St Oswald's Chambers consists of two floors and a wing at the rear. The upper floor is designed entirely as a half-timbered construction, most of the ground floor consists of red sandstone - but red bricks from Ruabon were used in the wing construction. The roof is covered with green slate from Westmorland . The front of the building faces St Werburgh Street and faces west. A canted corner leads over to the south side, which is in a side street. In the center of the front is an archway , where the year of construction is engraved in the spandrels of the arch. Above it is a sandstone slab with the name of the building on it. To the left of the door is a window with a mullion and skylights , and to the right is a large shop window . In the sloping corner of the house is a door that leads into the shop. The upper floor has two casement windows to the left of the archway and directly above - the left has four fields, the right has three. In addition there are two dormer windows with pediments without windows, a richly provided with carvings Verge have. At the sloping corner, above the shop, there is a window ensemble consisting of a total of nine sashes, three of which face the respective street or are located directly above the sloping corner. Above it sits a short octagonal spire, which is closed off by a finial with a weather vane . On the south side there is a double-winged window on the ground floor - there are three wings on the upper floor. On the north side, the window arrangement consists of a three-winged and three four-winged window on each floor.

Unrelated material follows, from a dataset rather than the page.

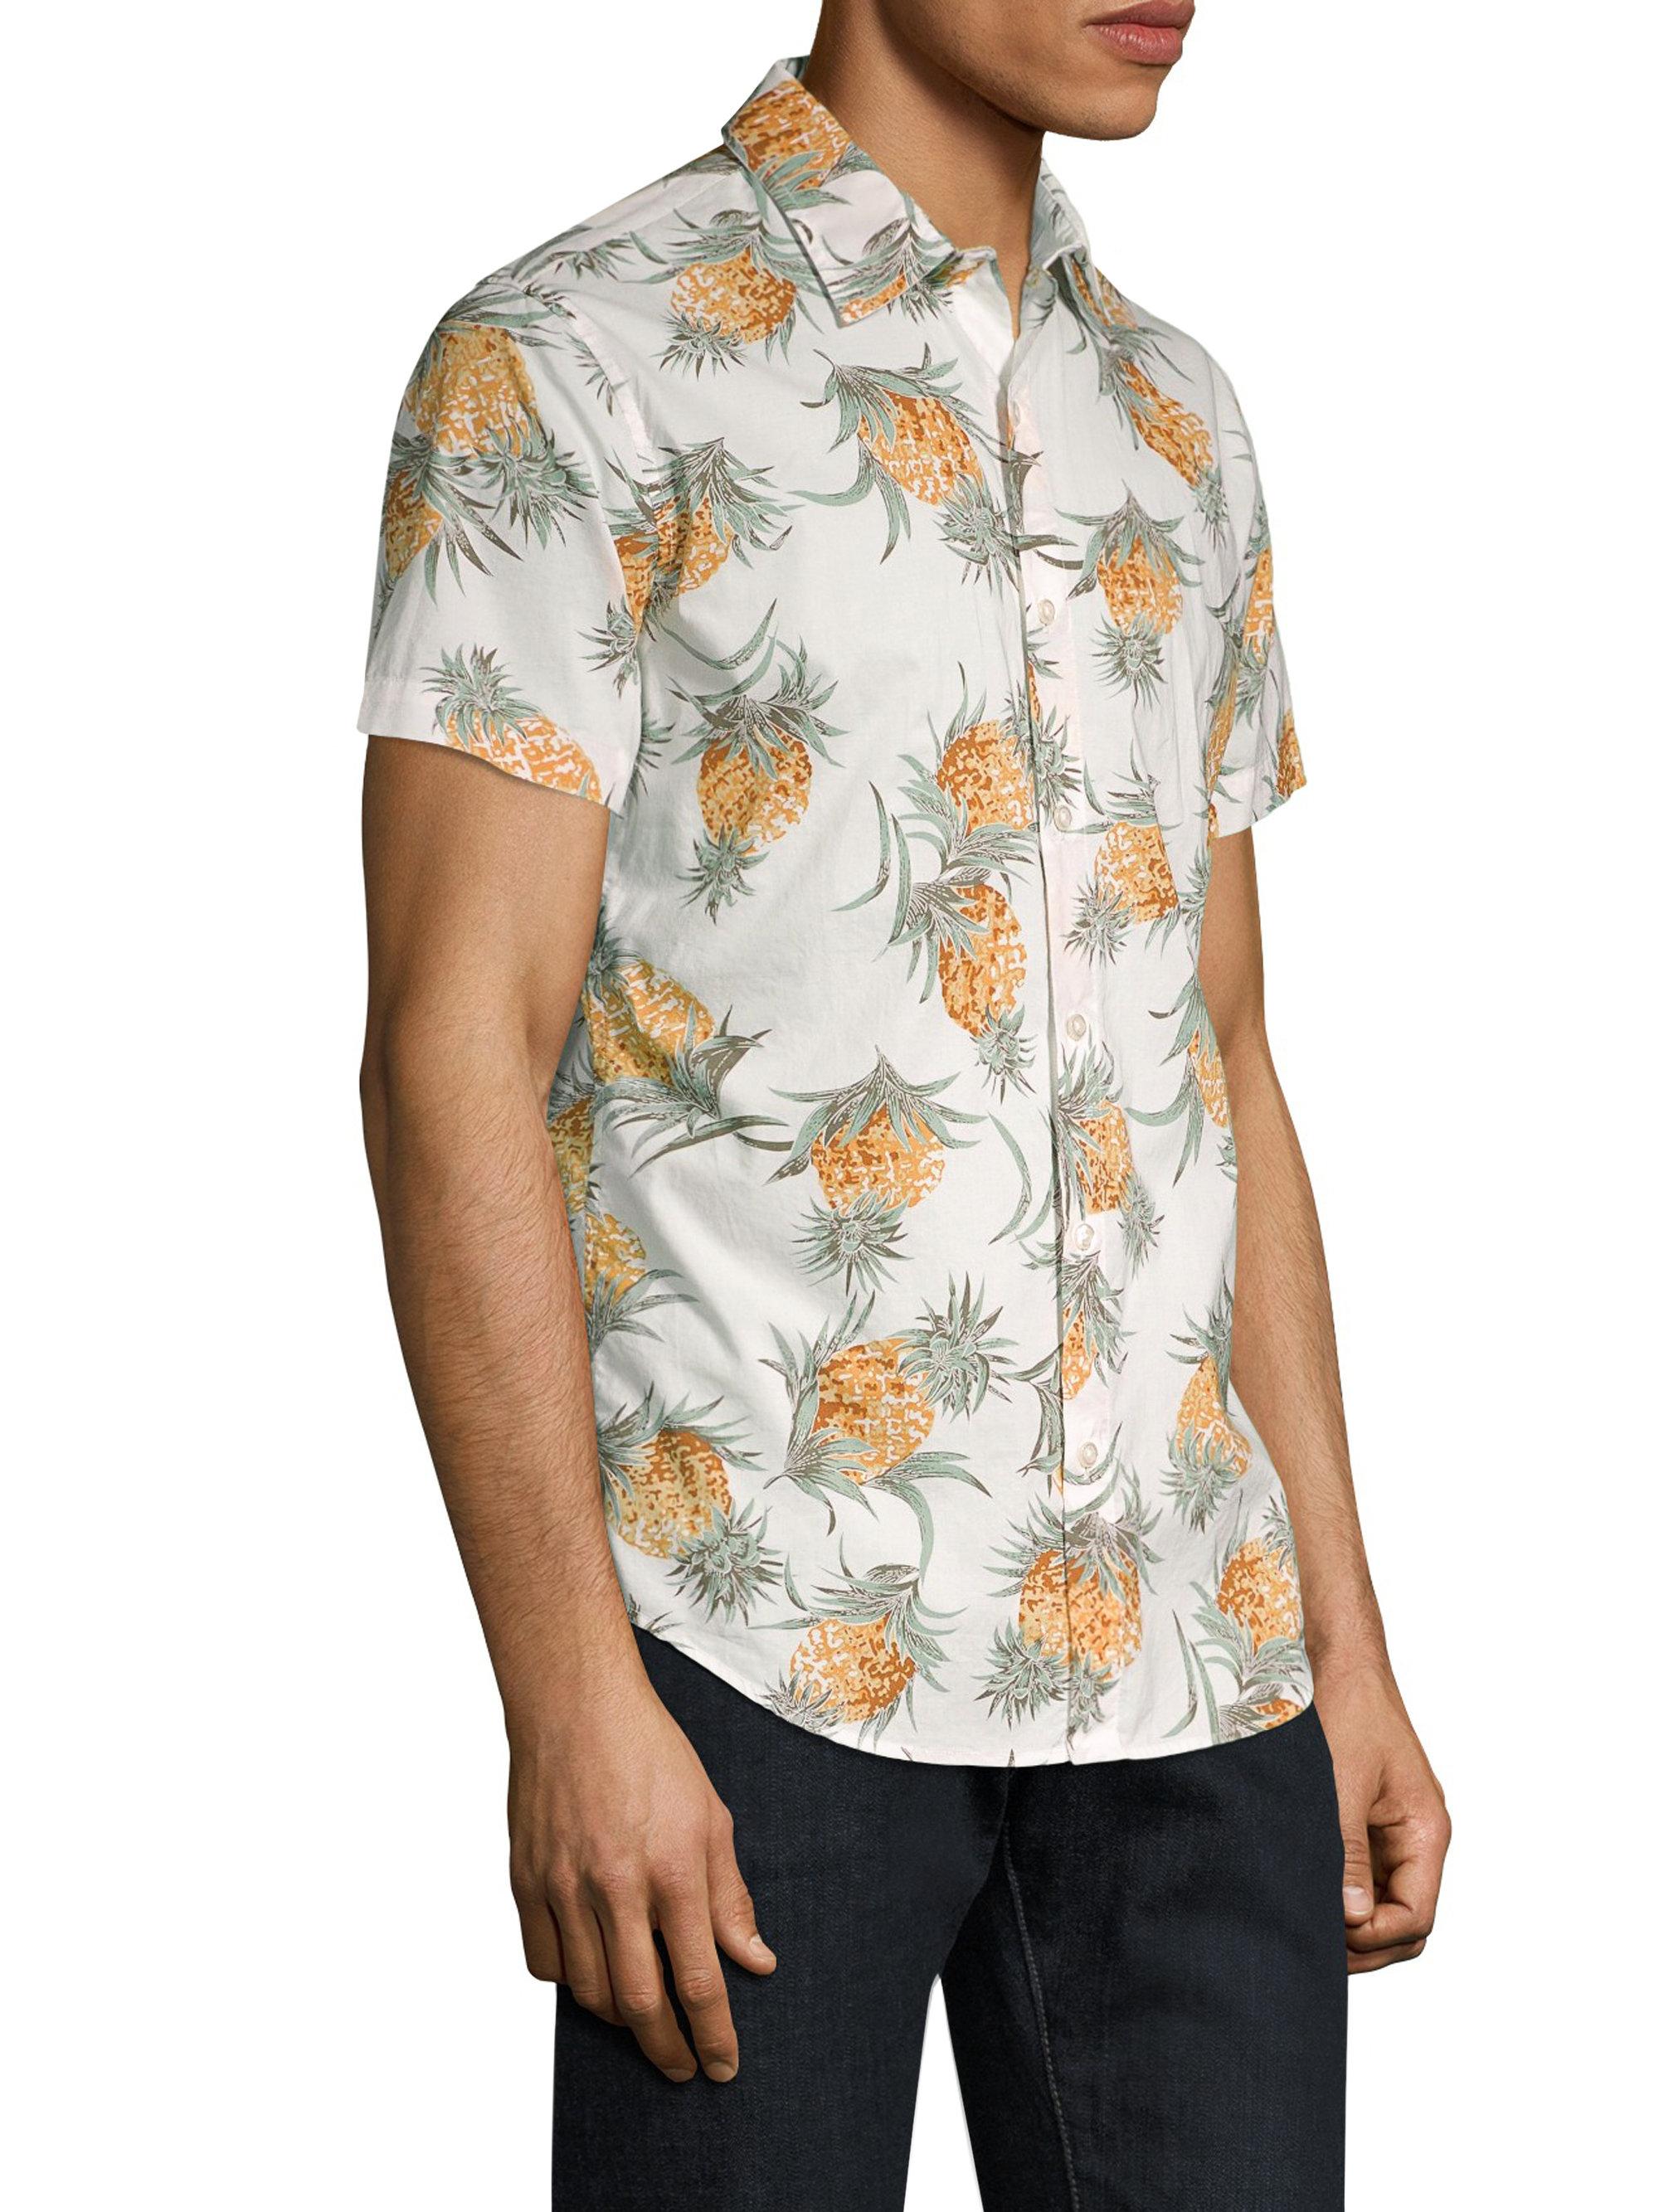 bonobos pineapple shirt

The rear wing has two casement windows on each floor. Three brick chimneys rise from the roof.

supporting documents

  1. ^ A b Images of England: St Oswald's Chambers, 20-22 St Werburgh Street, Chester ( English ) English Heritage . Retrieved March 25, 2010.
  2. ^ Edward Hubbard : The Work of John Douglas ( English ). The Victorian Society , London 1991, ISBN 0-901657-16-6 , p. 192.

Coordinates: 53 ° 11 '29 "  N , 2 ° 53' 24"  W.